HTML Text Parser: Converting HTML to Text in Java using NekoHTML

Tuesday, February 3, 2009

When I was working on my Desktop Search project in Solaris, some of the tasks were to develop parsers to extract text from different types of documents like PDF, HTML and OpenOffice for indexing. While I thought it's a straightforward task, it was little tricky in fact with several libraries available for parsing the above document formats. For HTML, its little interesting because there is a swing HTML parser in JDK itself, which I hacked on for a while, but then came to know about other open source HTML parsers for java which would make the task simple, then decided to go on with NekoHTML.
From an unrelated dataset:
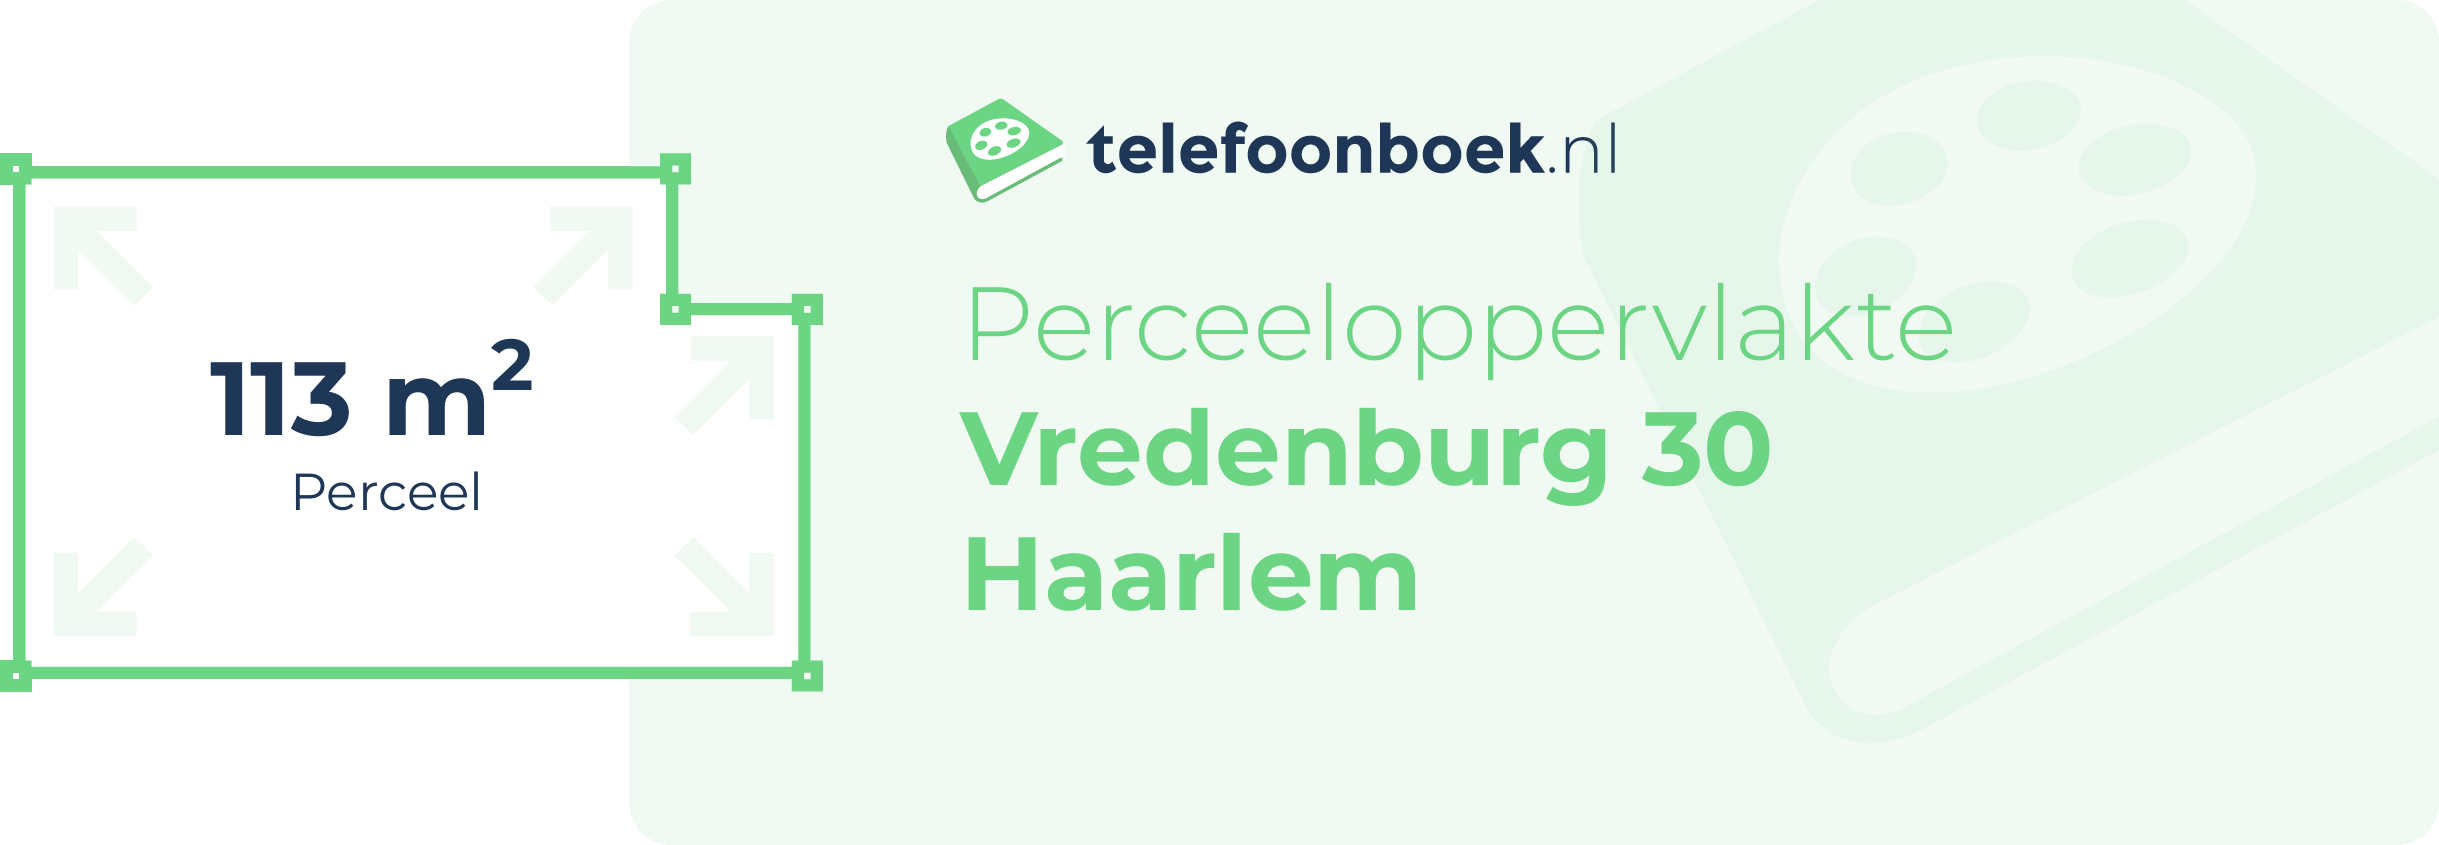 Perceeloppervlakte Vredenburg 30 Haarlem

NekoHTML is an open source HTML parser in java used to parse HTML documents with an XML DOM kind of representation of the parsed HTML from which the text contents can be retrieved, one should also use Apache Xerces parser for java along with this library to extract text from HTML, for more information on using NekoHTML, do look at its FAQ section here. The good thing about NekoHTML project is that its updated regularly.

The below code uses the latest NekoHTML and Apache Xerces libraries, the instructions for compiling the source using the respective jars can be found below.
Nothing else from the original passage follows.